= UK Independence Party representation and election results =

This article lists the election results and representation of the UK Independence Party (UKIP) with respect to the House of Commons, Scottish Parliament, Senedd (Welsh Parliament), Northern Ireland Assembly, London Assembly and European Parliament.

For results of elections contested by the Anti-Federalist League, UKIP's predecessor, see Anti-Federalist League election results.
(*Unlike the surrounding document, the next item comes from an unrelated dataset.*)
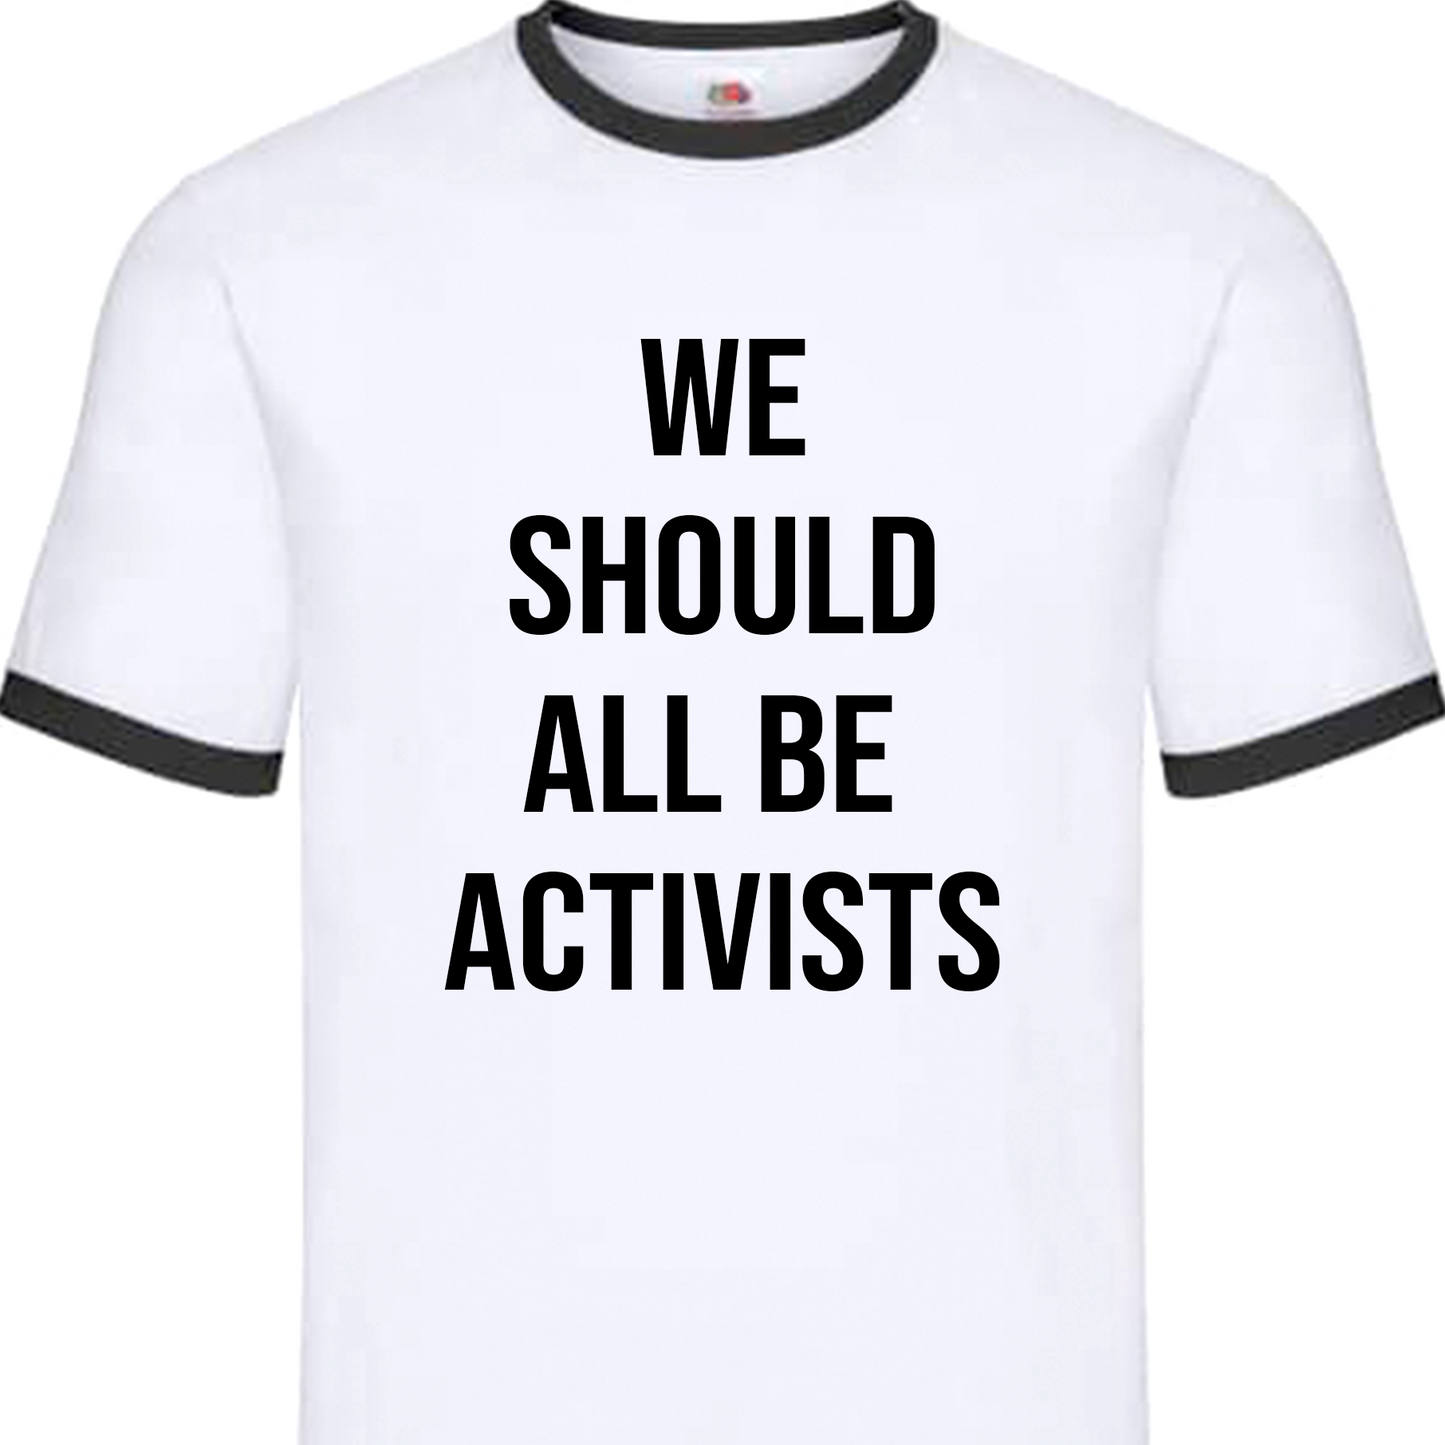 "WE SHOULD ALL BE ACTIVISTS" // Shirt

==House of Commons elections==
UKIP has no Members of Parliament in the House of Commons. The party first had representation for a period in 2008 when Dr Bob Spink, the MP for Castle Point, resigned from the Conservative Party and joined UKIP on 21 April 2008. However, by November 2008, Spink had left UKIP, and in any case subsequently lost his seat to the Conservatives in the 2010 general election.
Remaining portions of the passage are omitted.